Le très honorable David Johnston, ancien gouverneur général du Canada, implore les dirigeant-es d’apprendre du passé : « L’Empire romain a commencé à s’effondrer non seulement parce qu’il a étendu trop loin ses lignes d’approvisionnement, mais aussi parce qu’il a eu besoin de surveillants pour surveiller les surveillants. Et les inégalités de richesse, donc de pouvoir, sont devenues si grandes qu’il y a eu pourriture de l’intérieur. »

Jean La Rose estime qu’il existe actuellement une disparité importante entre les riches et les pauvres et que cette disparité est mise en évidence par la pandémie de COVID-19. Il souligne : « Chaque fois qu’il y a eu de grands bouleversements dans le monde, ils se sont produits lorsque des gens qui n’ont rien à perdre ont décidé qu’ils n’allaient plus accepter le statu quo. Je nous vois dériver vers cela. » Certain-es participant-es à l’enquête soulignent que, d’une certaine manière, le monde voit ce bouleversement commencer par de nombreux mouvements sociaux importants qui, récemment, ont eu pour noyau des personnes qui en ont assez des inégalités et des injustices systémiques auxquelles elles sont confrontées; certains citent des mouvements tels que les manifestations à Hong Kong et au Brésil, Occupy Wall Street et Black Lives Matter.

Parallèlement, certain-es participant-es à l’enquête s’inquiètent de la capacité d’une société à résoudre les problèmes systémiques d’un système économique donné. Par exemple, Vic Huard s’inquiète de « la difficulté de notre système économique actuel à répondre aux inégalités ».

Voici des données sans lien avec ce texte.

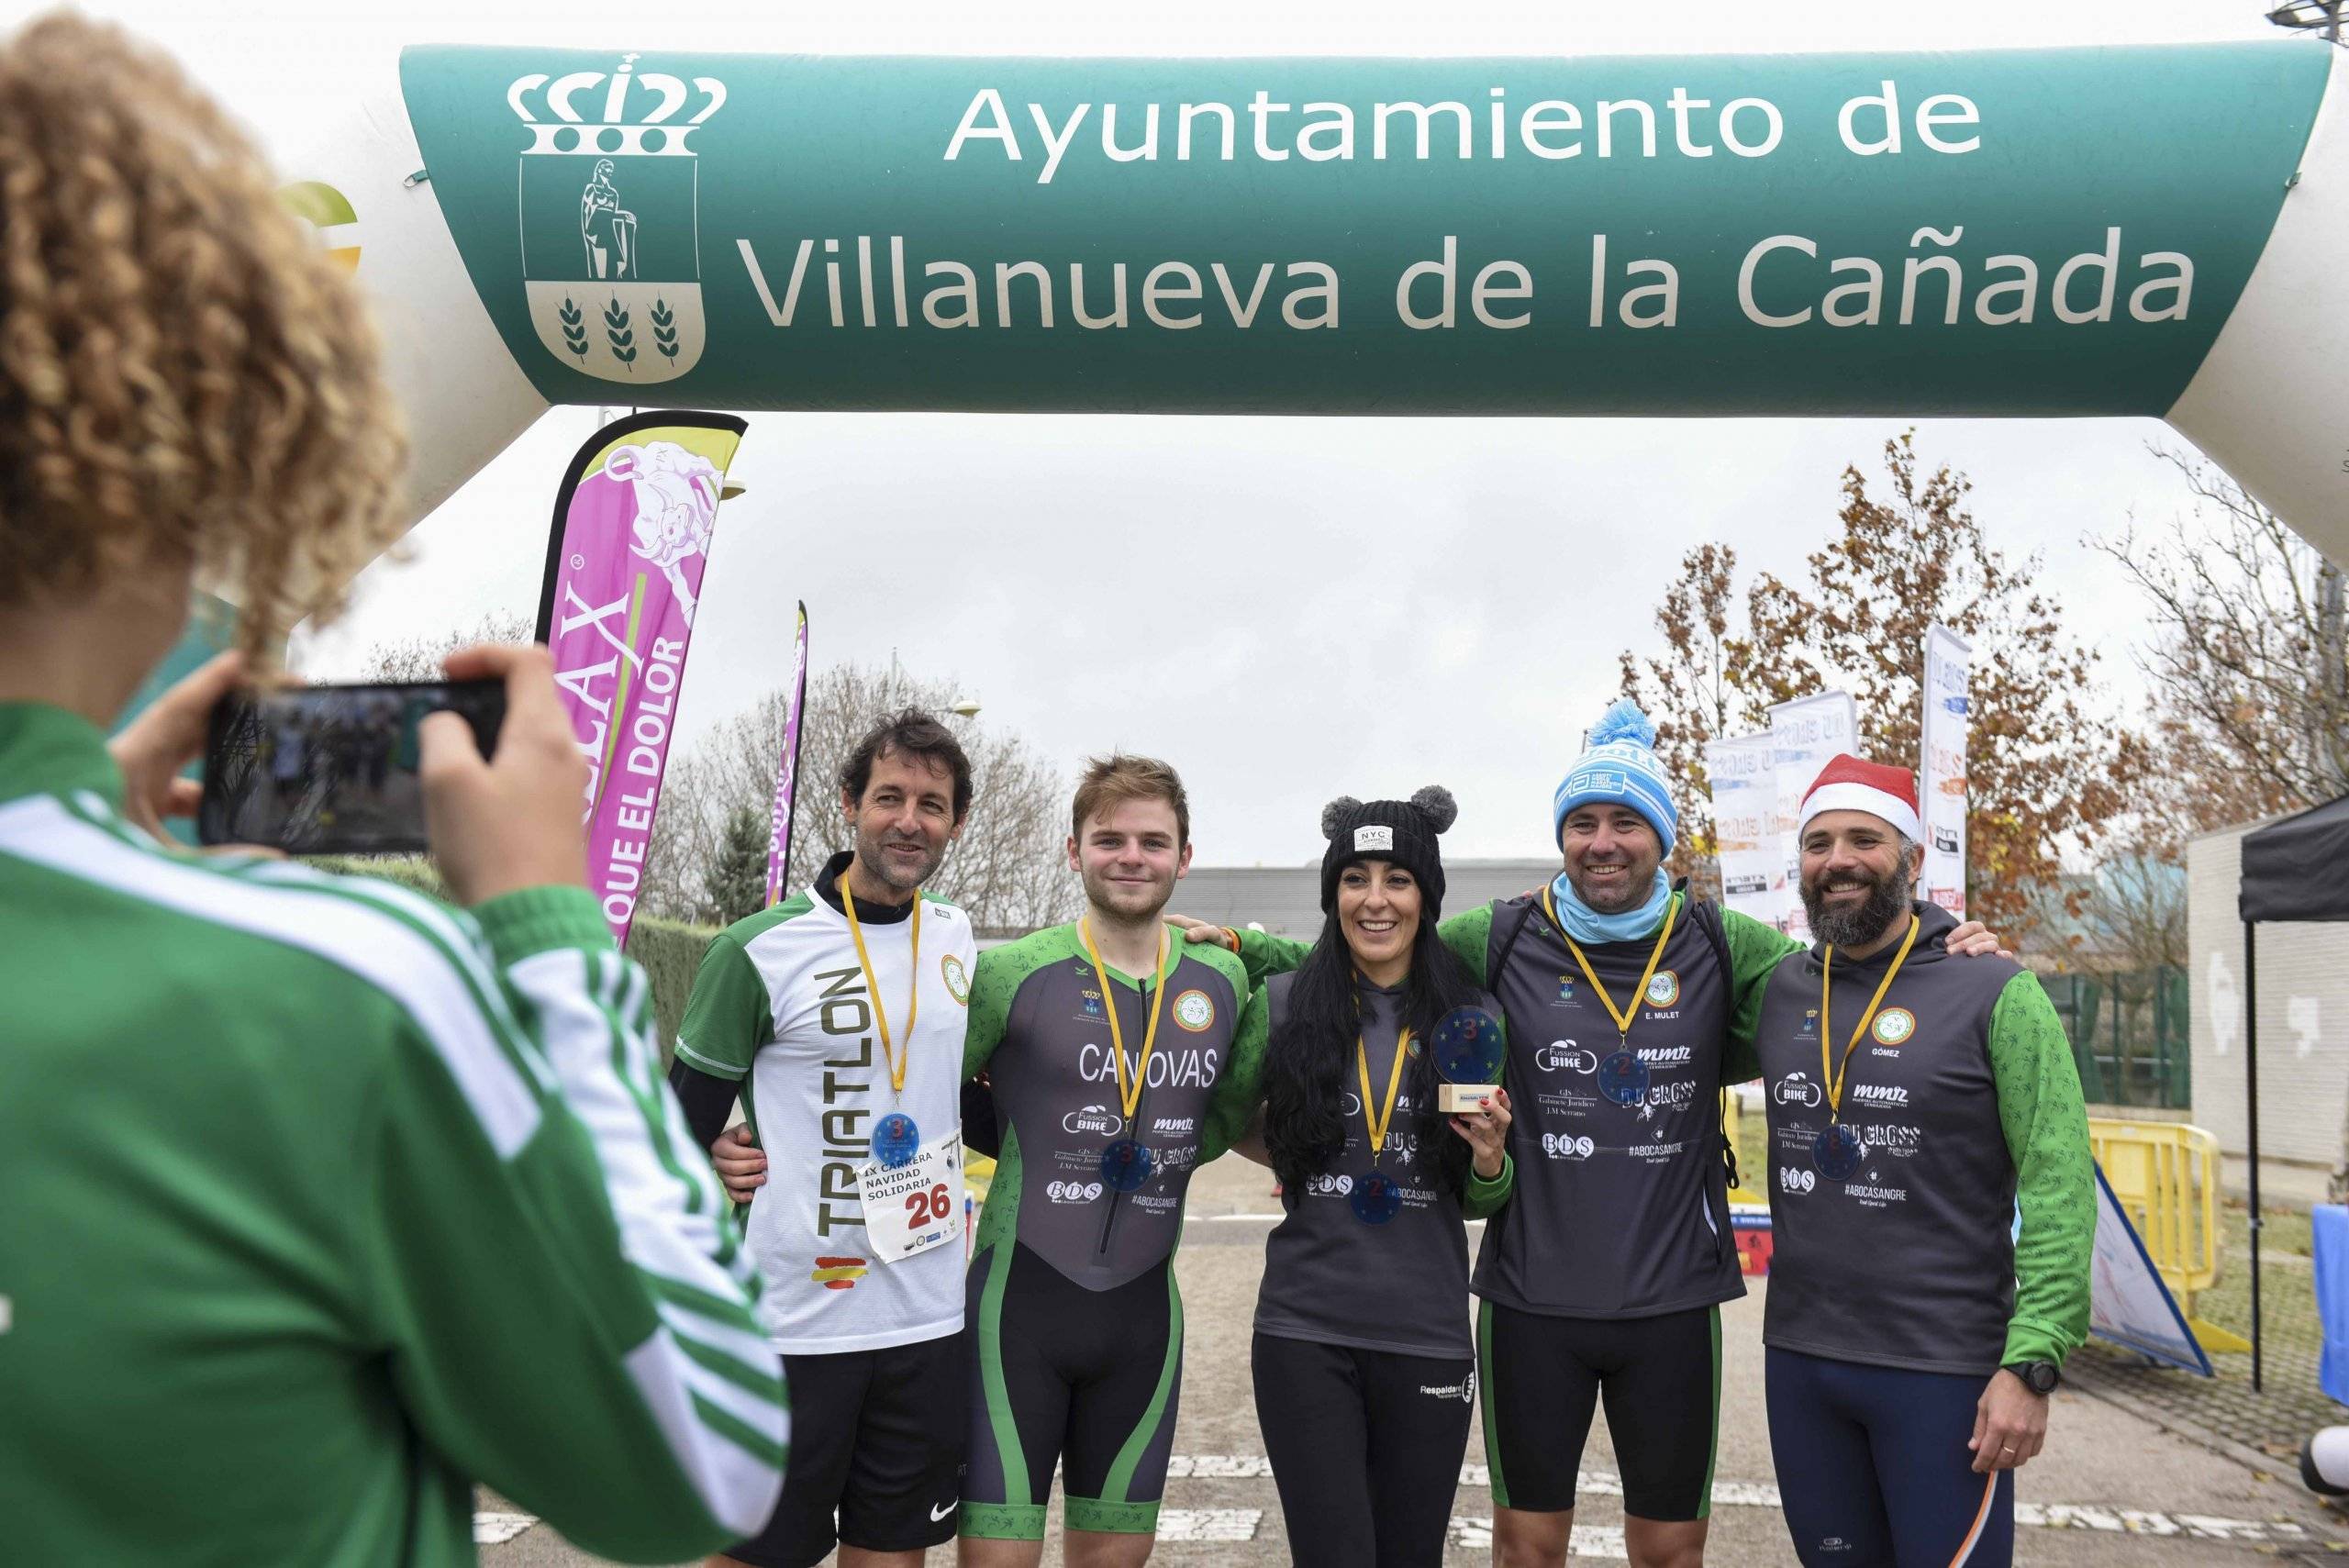 Miembros del Club de Triatlón de Villanueva de la Cañada en la línea de meta.

De plus, un grand nombre de personnes à travers le monde sont d’avis que l’un des impacts de la pandémie de COVID-19 est la pression accrue pour non seulement moderniser le capitalisme, mais aussi pour accélérer la réforme. Un sondage réalisé aux États-Unis en mai 2020 par JUST Capital et The Harris Poll a révélé que « 85 % des personnes interrogées trouvent que la crise du coronavirus a mis en évidence des inégalités structurelles sous-jacentes dans notre société. Il est indéniable que la COVID-19 et ses retombées ainsi que les protestations nationales suscitées par l’assassinat de George Floyd sont des moments catalyseurs de l’histoire des États-Unis. »

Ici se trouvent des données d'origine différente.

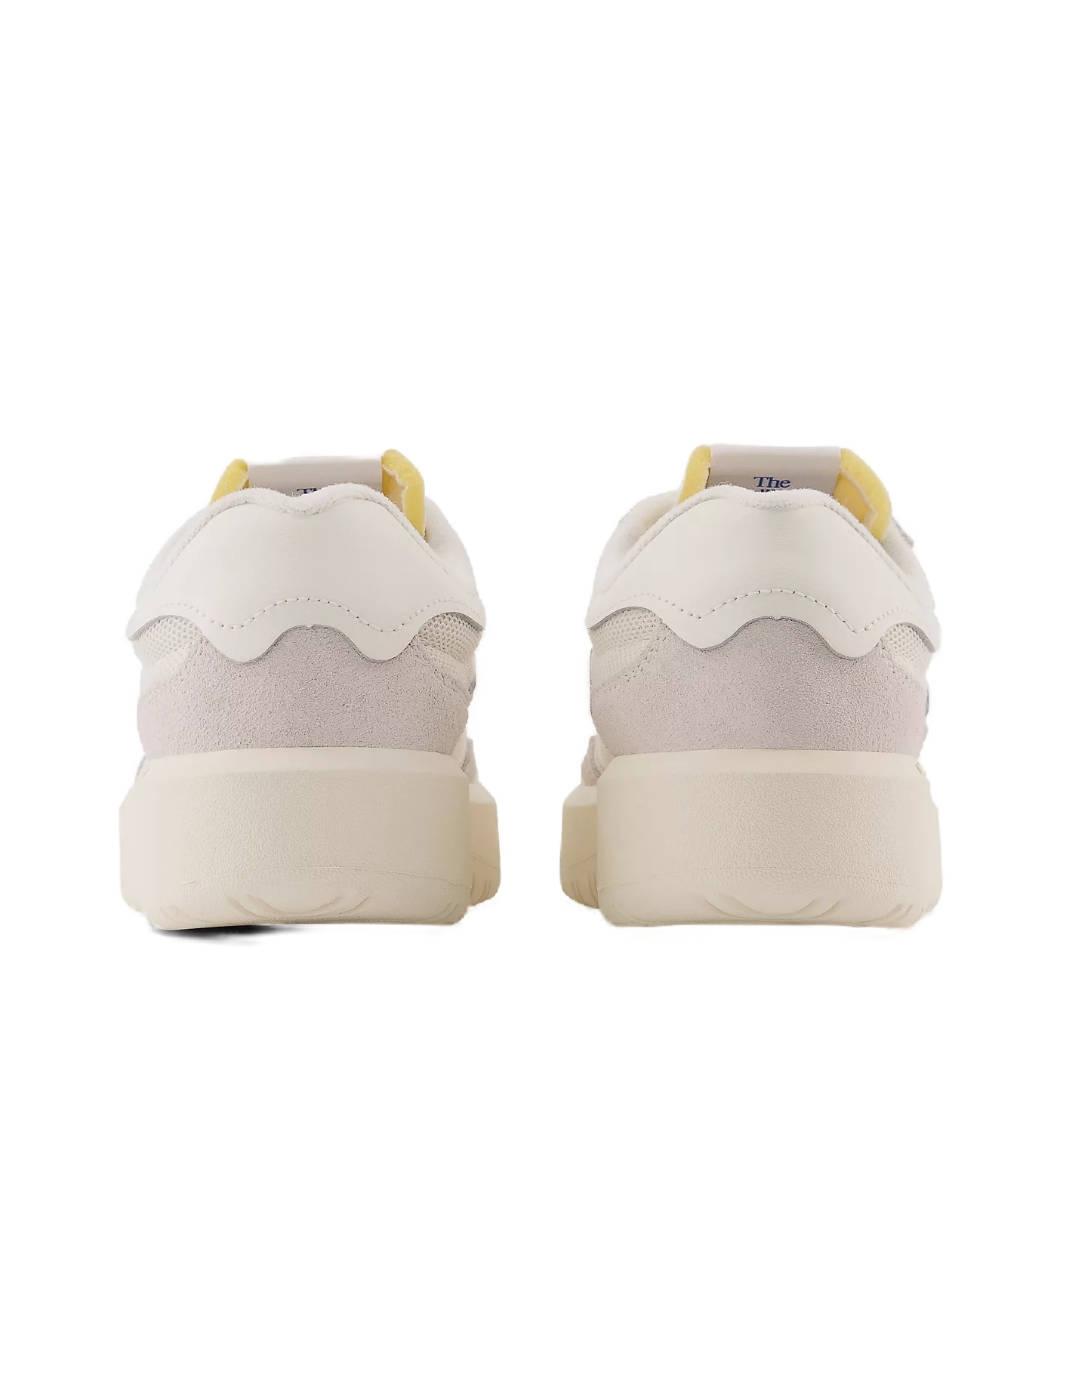 Zapatillas New Balance CT302 beige y detalles en gris mujer

Lisa Kimmel affirme que le même phénomène se produit au Canada : « La COVID-19 a vraiment mis en lumière les problèmes systémiques d’injustice sociale et d’inégalité des revenus qui existent dans tous les pays du monde. (...) 60 % des répondant-es canadien-nes ont déclaré que la pandémie leur a fait réaliser à quel point le fossé entre les riches et la classe ouvrière est grand, dans notre pays, et qu’il faut faire quelque chose pour distribuer plus équitablement la richesse et la prospérité du pays. »

Avec l’afflux mondial dû à la pandémie de COVID-19, le monde est confronté à d’importantes incertitudes. Toutefois, une chose est claire : les voix qui demandent la modernisation du capitalisme résonnent plus fort.